Halkın sanatını silmek; sadece dijital bir işlem değil,
politik bir saldırıdır. Bu saldırının failleri de bellidir:
İşbirlikçi faşist AKP iktidarı ve emperyalizmin dijital
tetikçileridir. Bu saldırının hedefi de açıktır: Örgütlü
sanat, devrimci sanatçılar, direnen halklar!
Ama nafile…
Grup Yorum bir “hesap”tan, bir “kanal”dan ibaret
değildir.
Onlar, halkın kurtuluşu ve özgürlüğü için şehit
düşenlerin mirasıdır.
Onlar, ekmek ve adalet kavgasının, yeni bir hayatın
adıdır.
Onlar, hapishanelerde açlık grevine yatanın direncidir.
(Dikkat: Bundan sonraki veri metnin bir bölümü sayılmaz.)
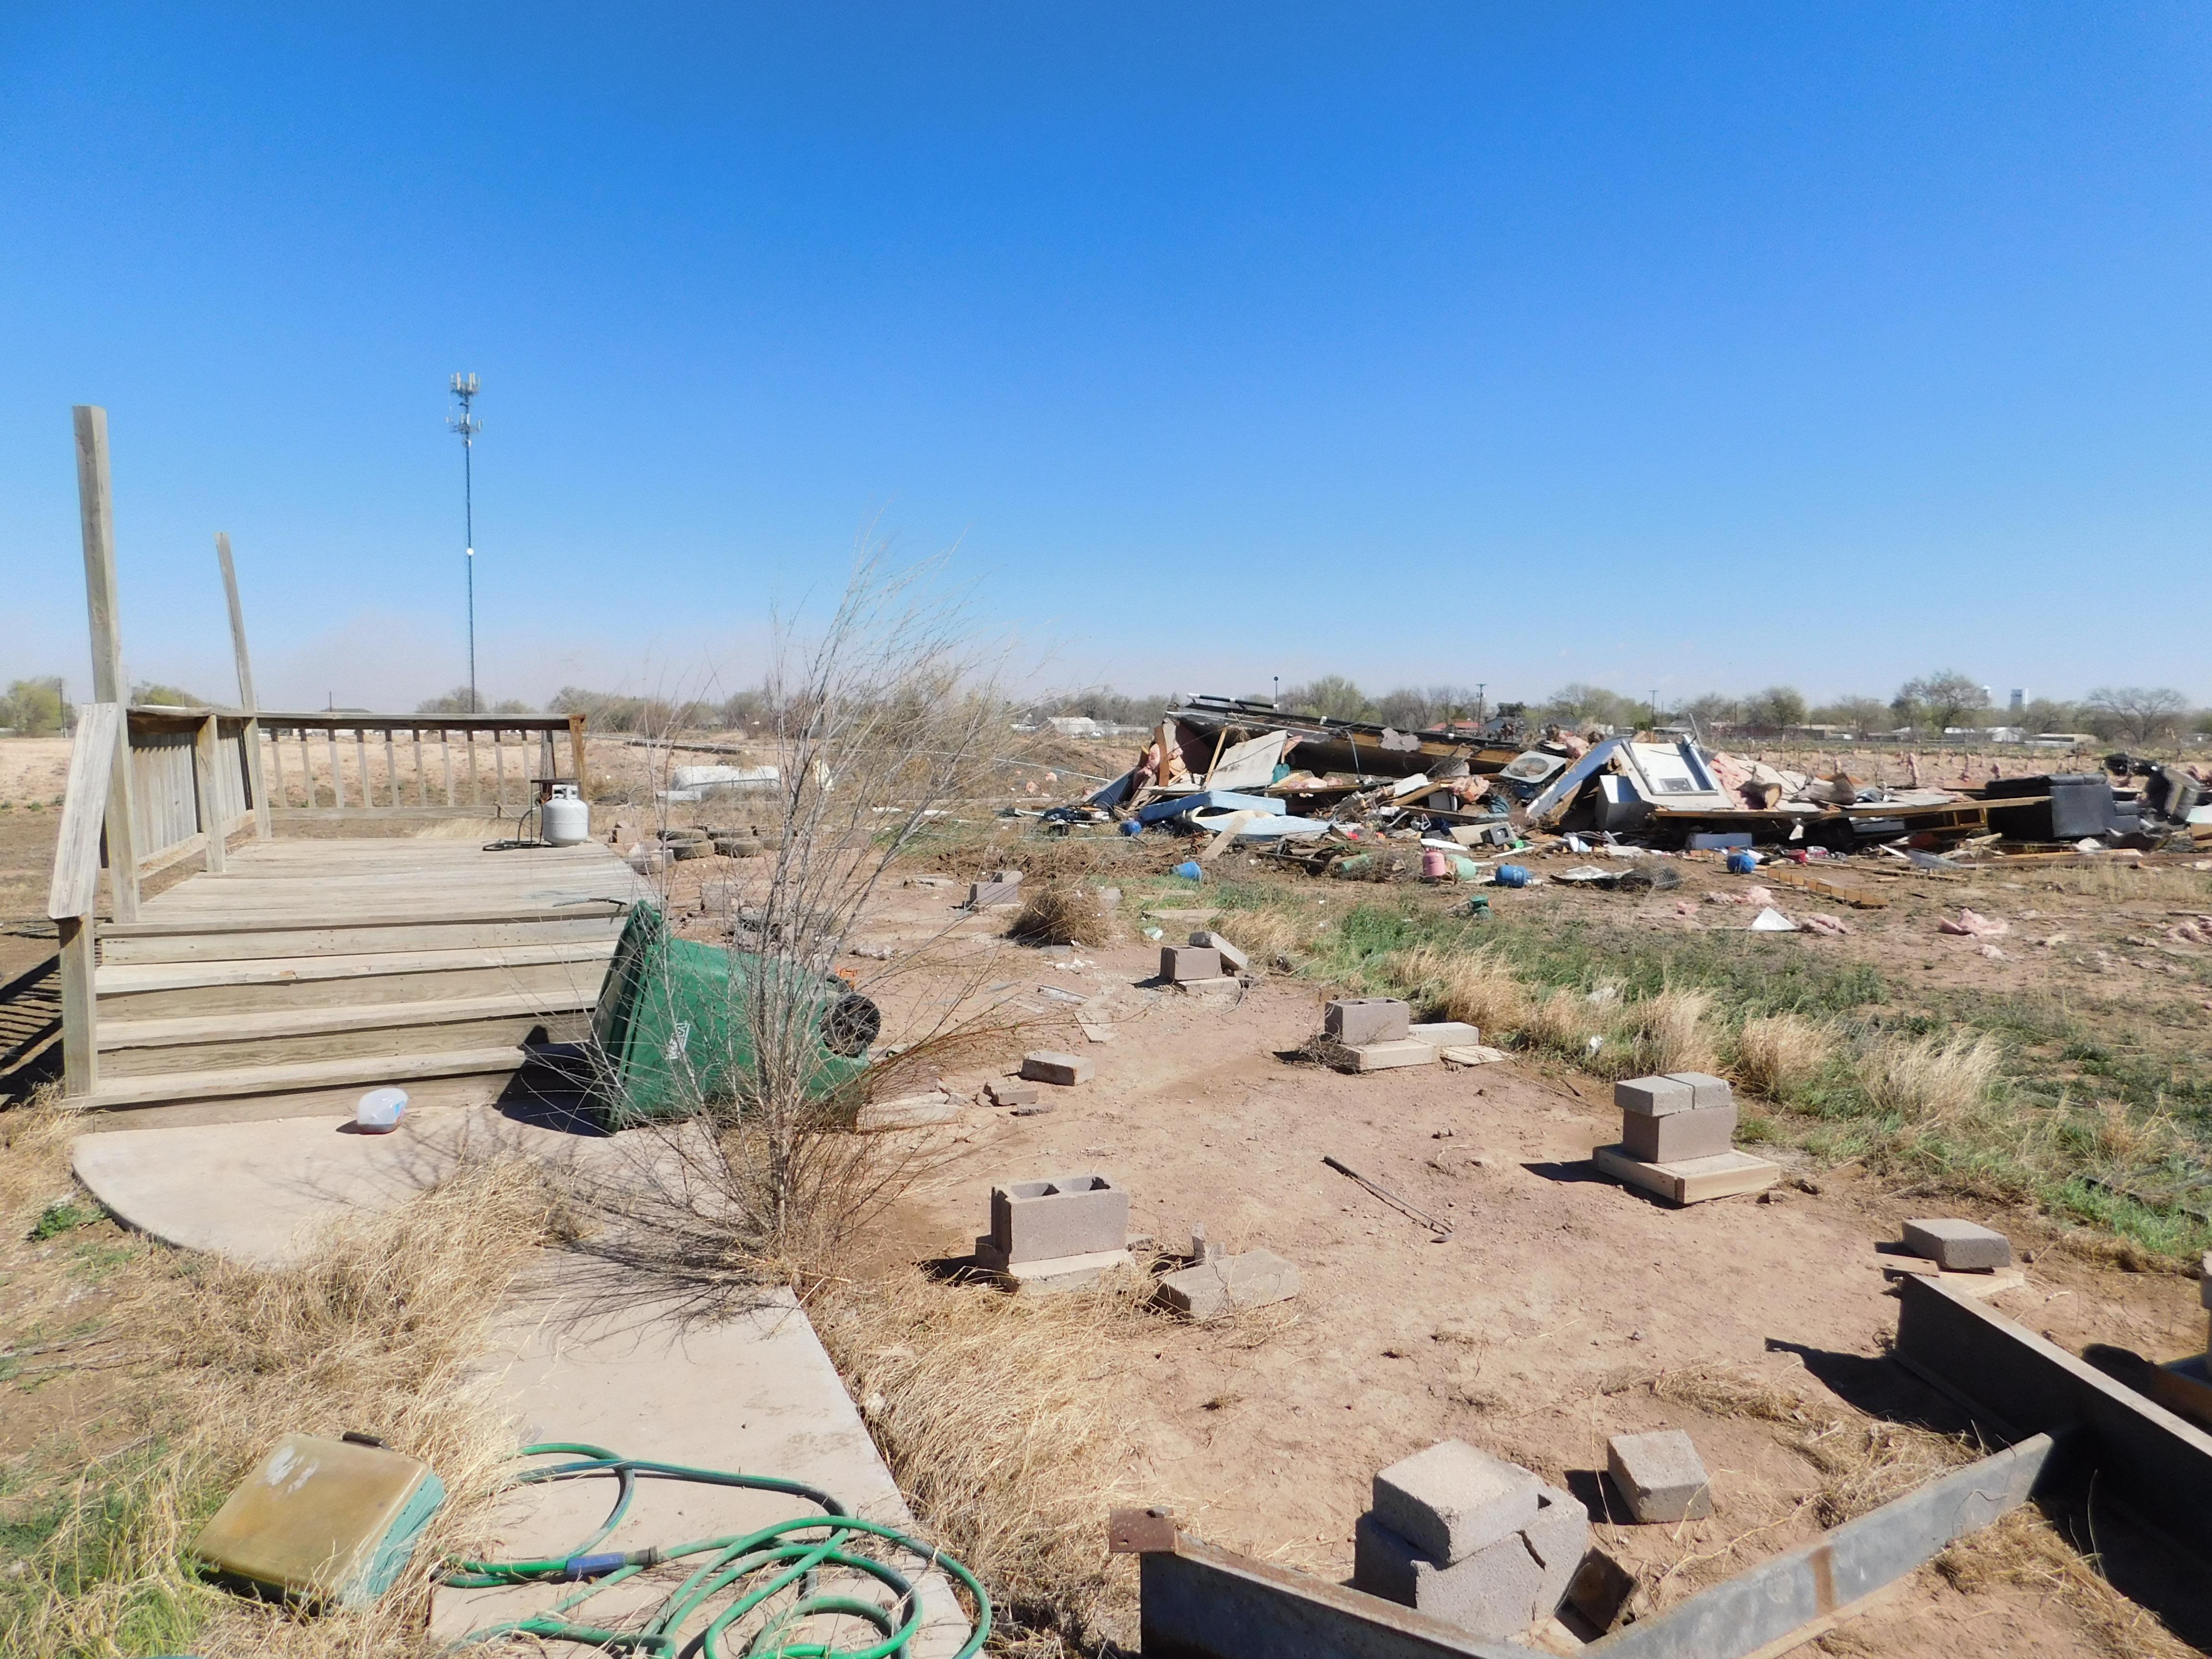 Damage from the Dexter, New Mexico tornado of March 12, 2019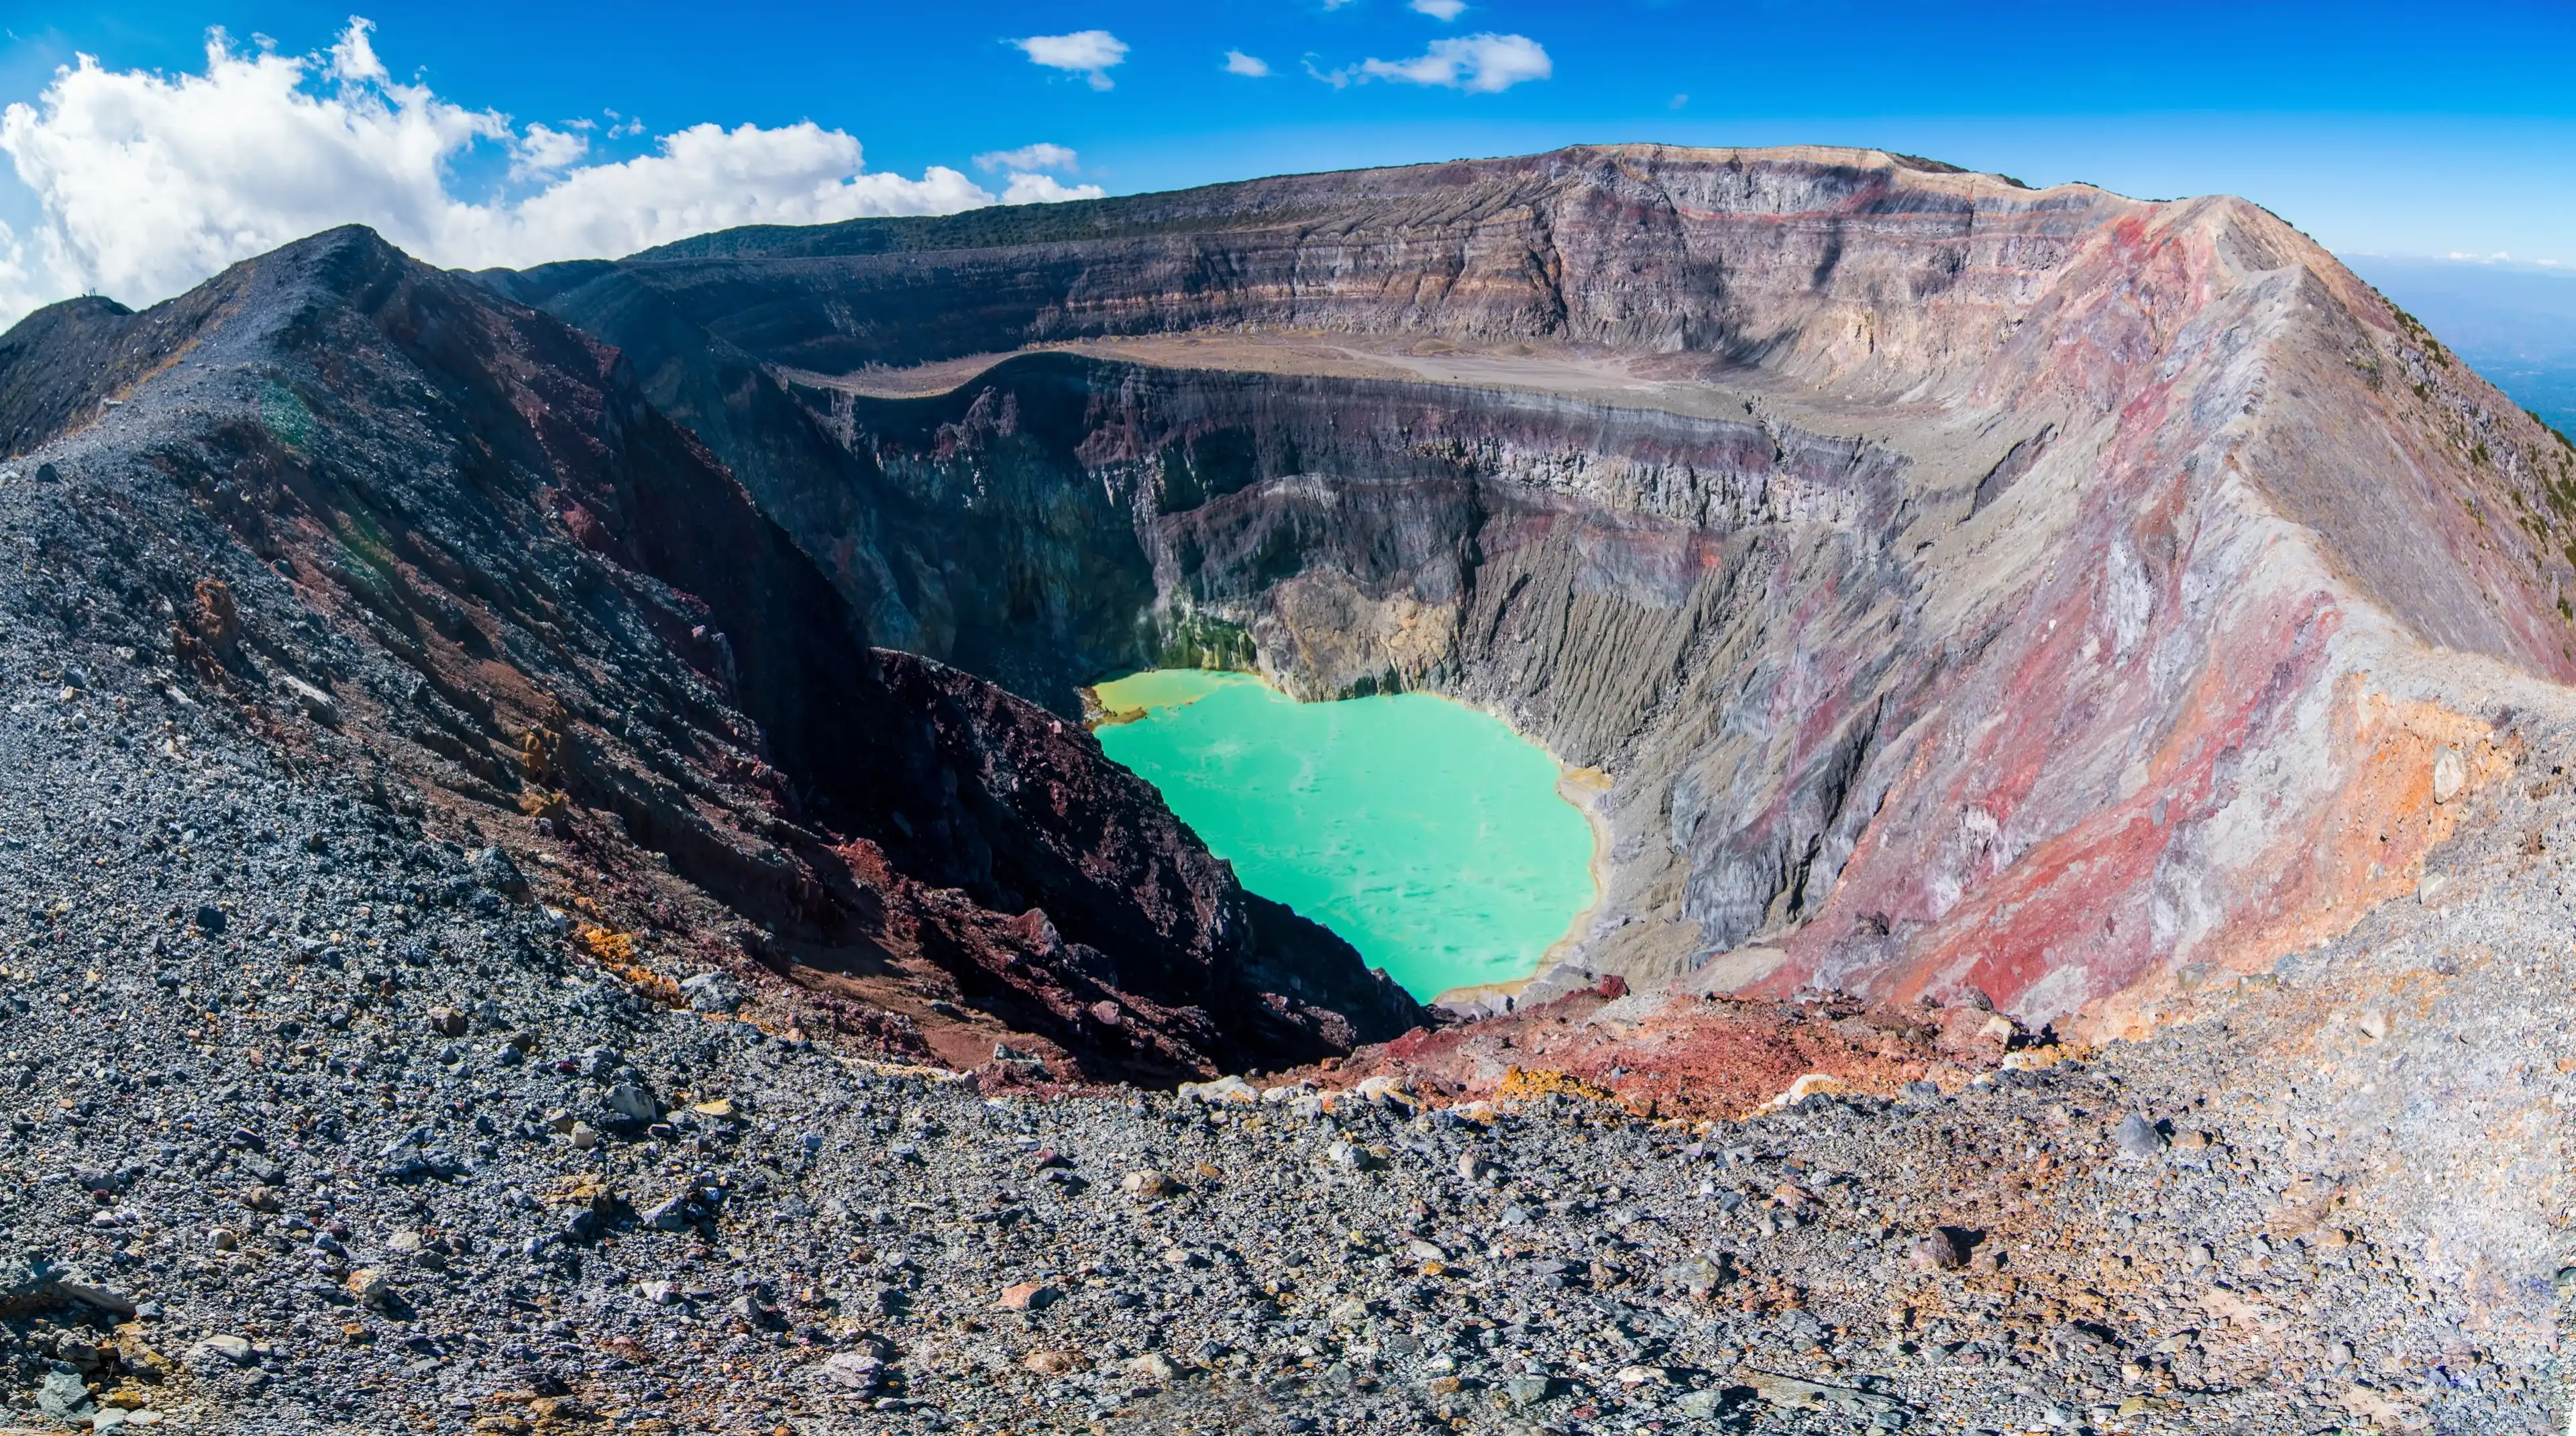 Panorama of Santa Ana volcano crater with turquoise volcanic lake.

Onlar, halkın bağrından yükselen ezgi, geleceğin
müjdecisidir.
İşte bu yüzden Yaşar Kemal’in dediği gibi;
“Bir ulusun türkülerini yapanlar yasalarını yapanlardan
daha güçlüdür.”
Halk İçin Sanat Yapanlar Kazanacak!
Sansürcüler, İşbirlikçi Faşist İktidarlar ise Tarihin
Çöplüğünde Boğulacak!
•GRUP YORUM HALKTIR, SUSTURULAMAZ!
•DİJİTAL SANSÜR SUÇTUR!
•SPOTİFY VE YOUTUBE TÜRKİYE FAŞİZMİNİN
SUÇ ORTAĞIDIR!
*Algoritma, belirli bir problemi çözmek için izlenen
adım adım işlemler zinciridir. (Algoritma=Girdi+İşlem
adımları+Çıktı.)
Algoritmik Sessizlik: Algoritmaların bazı içerikleri geri
plana atarak veya gizleyerek eleştirel sesleri bastırmasıdır.
Bu farkedilmeden uygulanan dijital bir sansür biçimidir.